An exact transcription is needed of the lines below from the one with "Berita, sisi depan" through the one with "Dieses Produkt wird", with no other lines and no pictures.
-- Data shown follows --
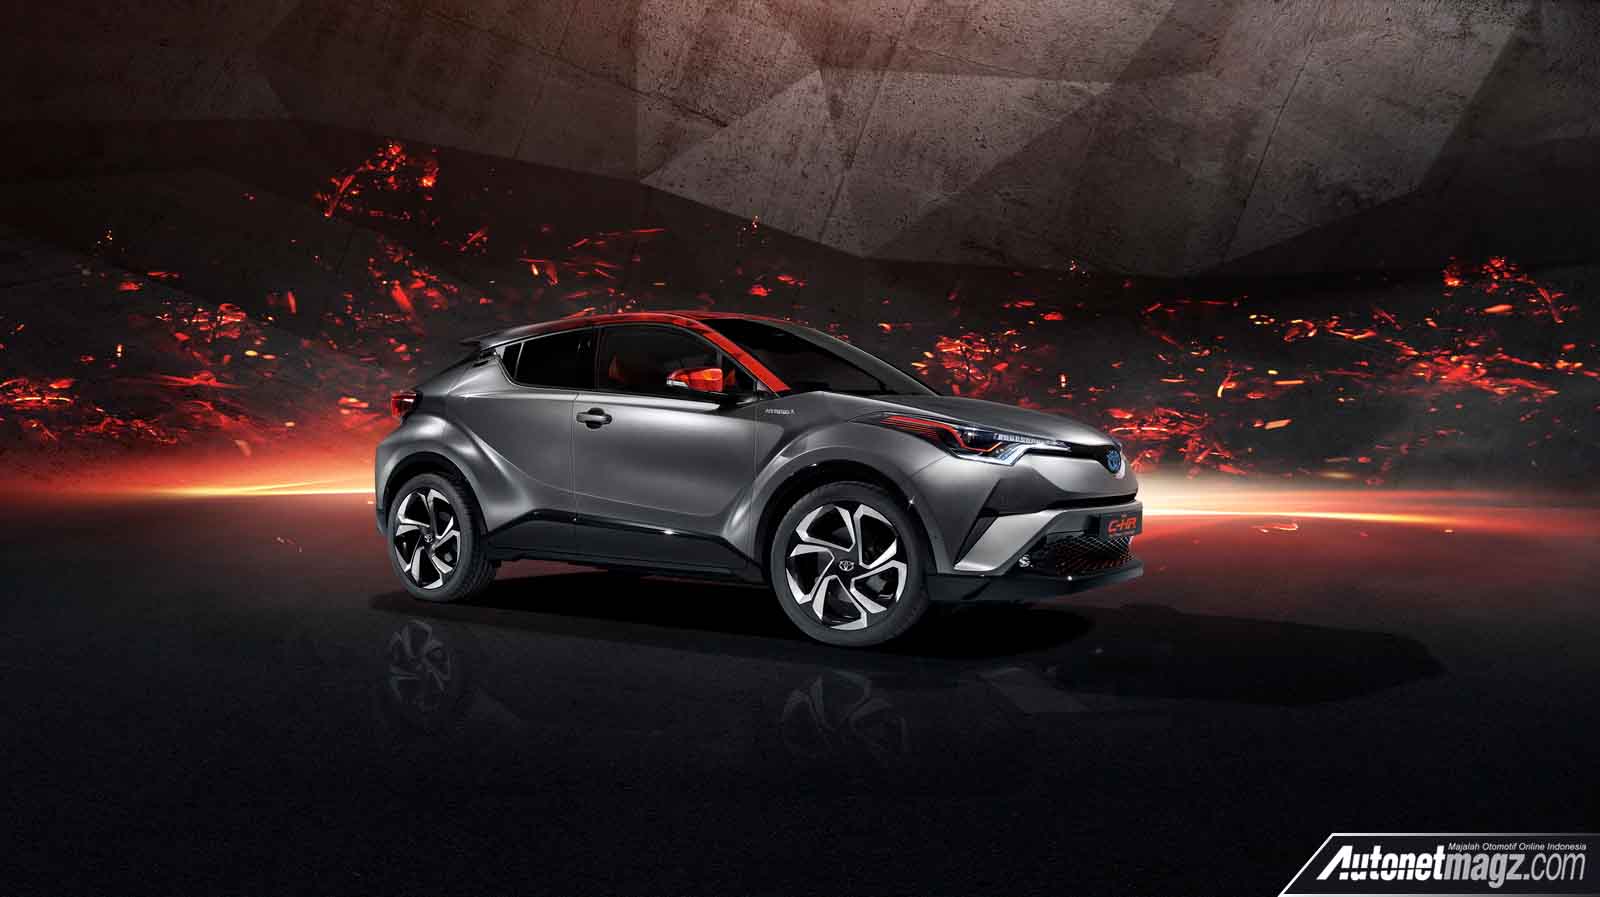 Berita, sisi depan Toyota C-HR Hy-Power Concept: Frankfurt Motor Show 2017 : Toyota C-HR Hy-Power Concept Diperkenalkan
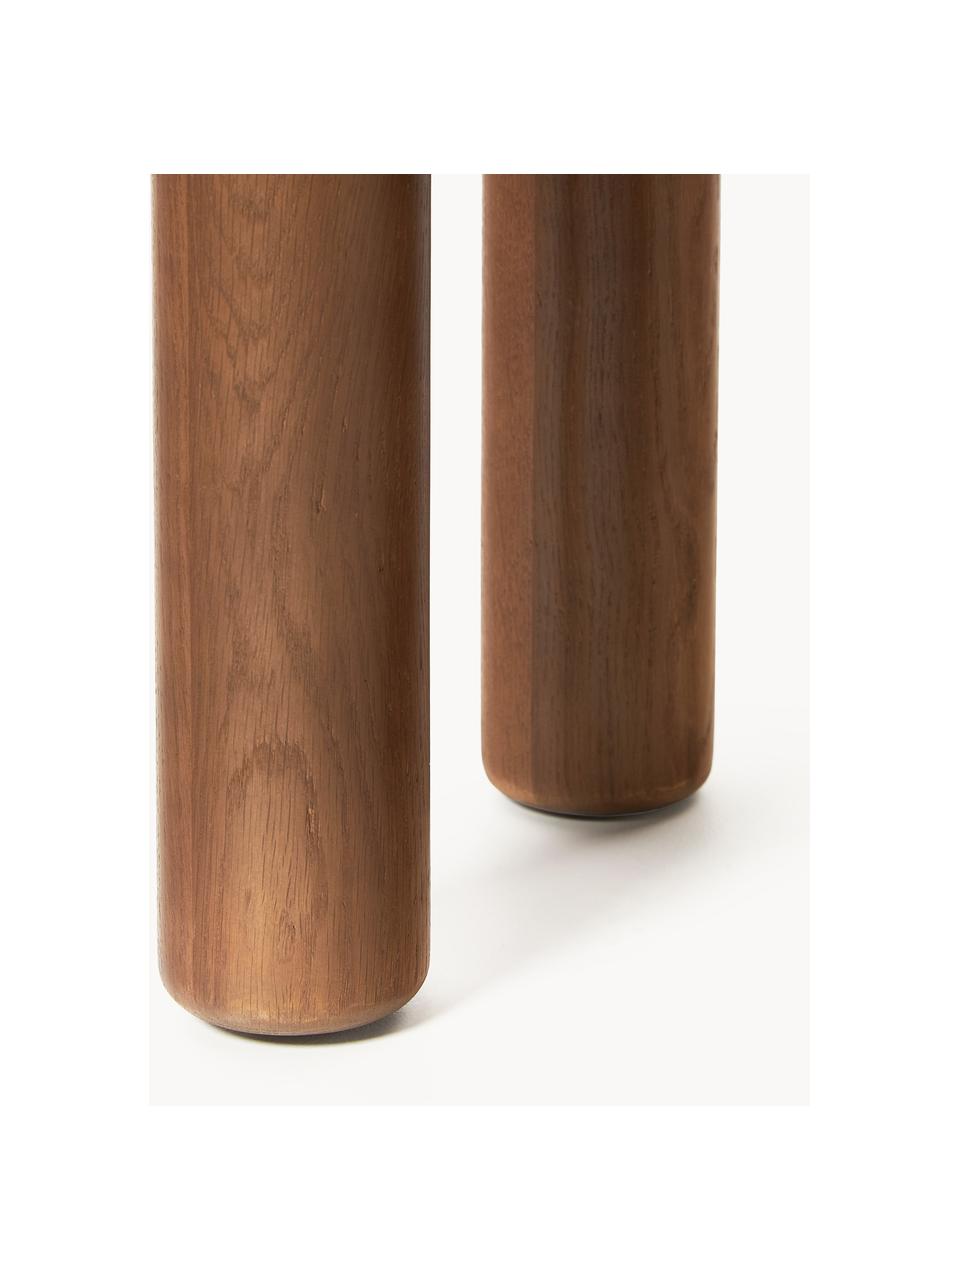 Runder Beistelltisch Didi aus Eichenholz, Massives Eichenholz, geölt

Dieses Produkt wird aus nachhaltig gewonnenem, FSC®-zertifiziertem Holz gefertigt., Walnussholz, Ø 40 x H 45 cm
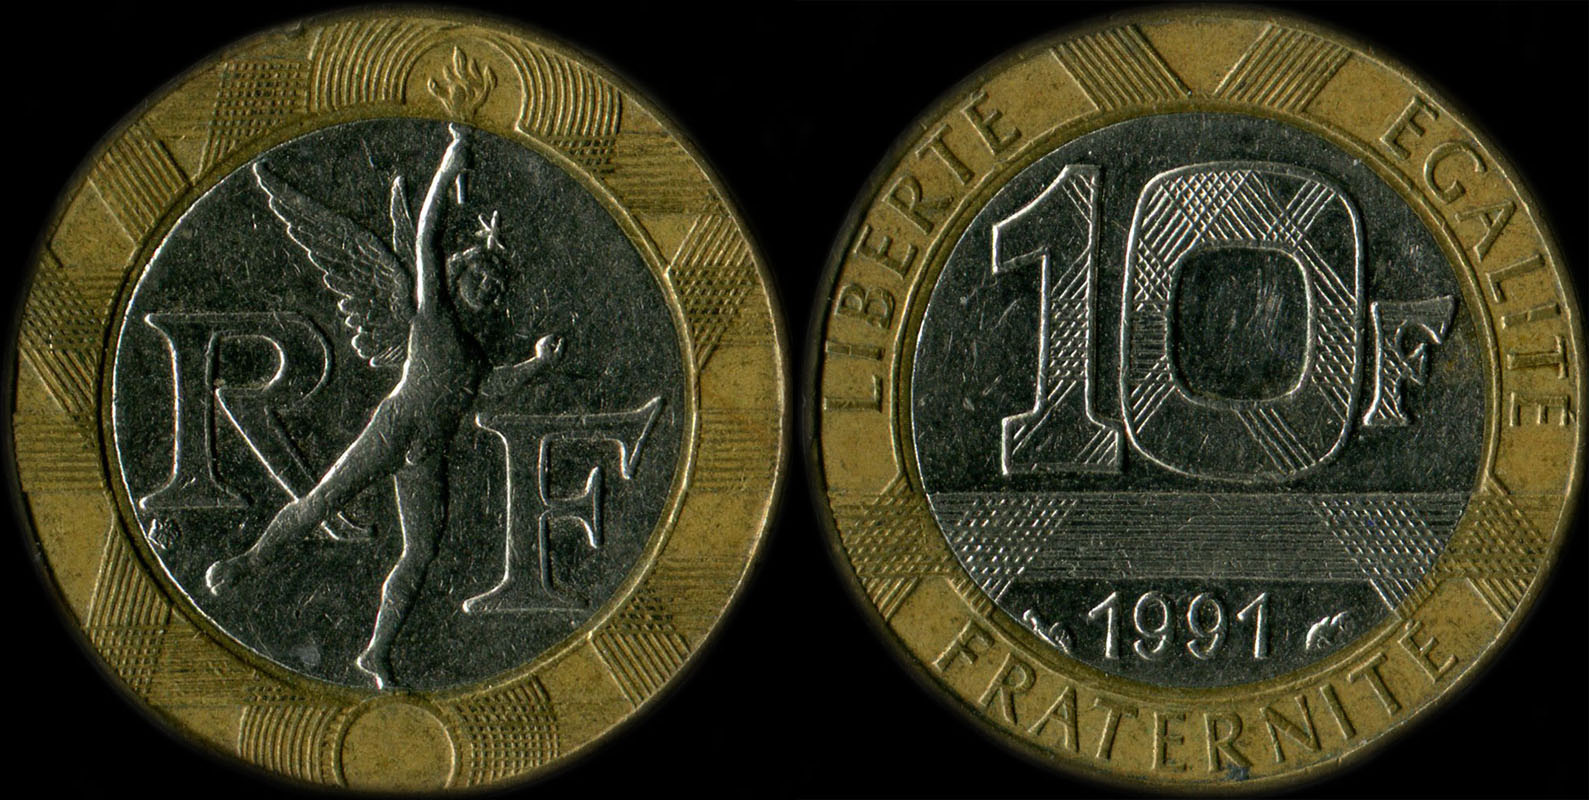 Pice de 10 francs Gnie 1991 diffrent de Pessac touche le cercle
-- Data shown concluded --
-- Data shown follows --
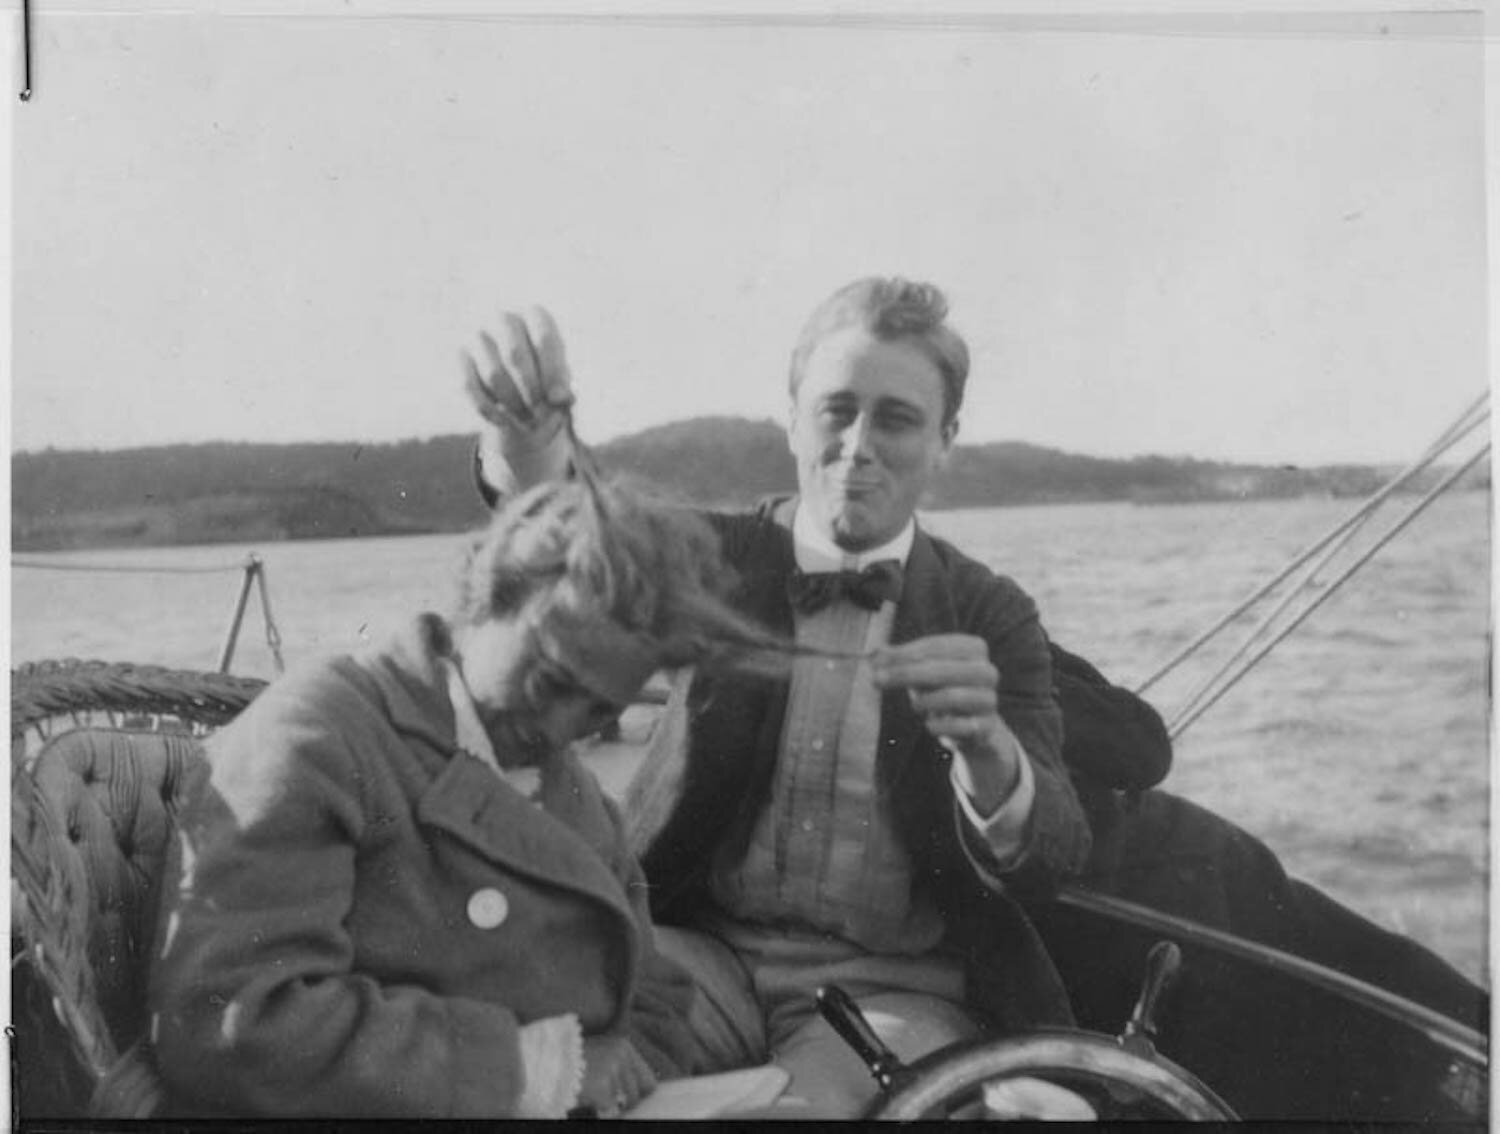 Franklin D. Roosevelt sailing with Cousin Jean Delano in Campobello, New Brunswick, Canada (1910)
-- Data shown concluded --
-- Data shown follows --
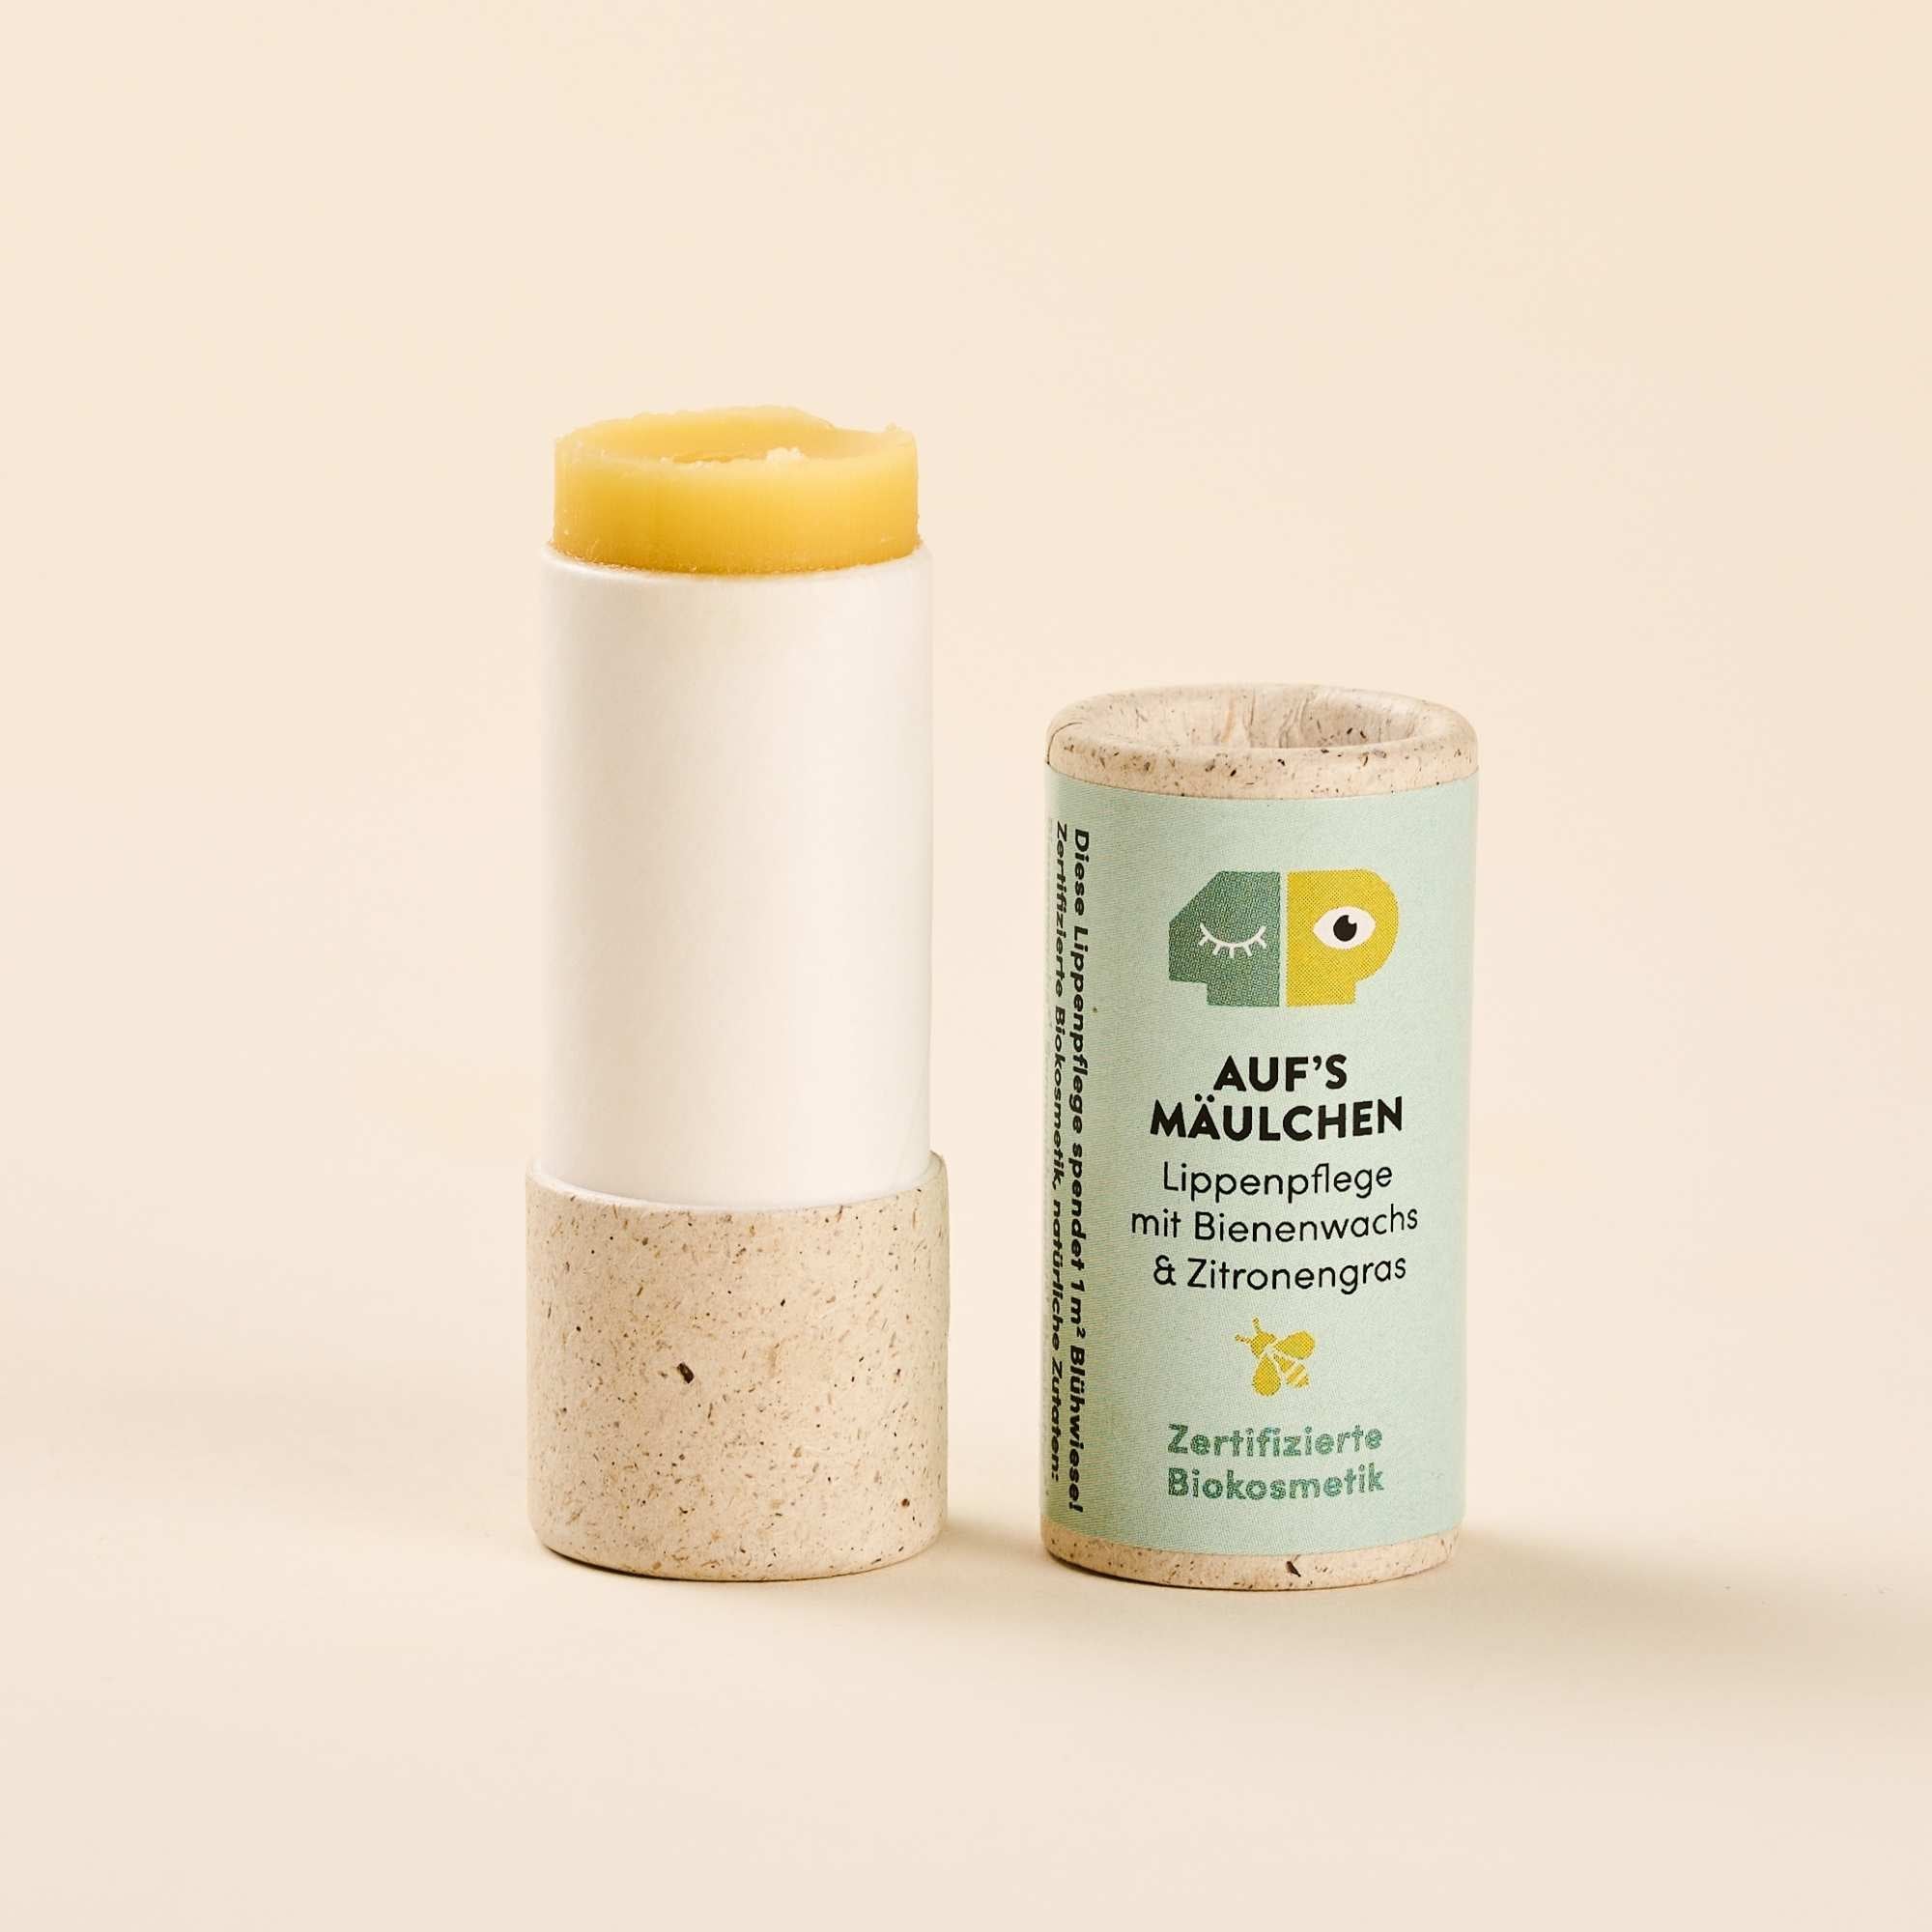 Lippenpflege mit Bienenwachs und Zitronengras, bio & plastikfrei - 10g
-- Data shown concluded --
◆ Reply to the task ◆
 Berita, sisi depan Toyota C-HR Hy-Power Concept: Frankfurt Motor Show 2017 : Toyota C-HR Hy-Power Concept Diperkenalkan
 Runder Beistelltisch Didi aus Eichenholz, Massives Eichenholz, geölt

Dieses Produkt wird aus nachhaltig gewonnenem, FSC®-zertifiziertem Holz gefertigt., Walnussholz, Ø 40 x H 45 cm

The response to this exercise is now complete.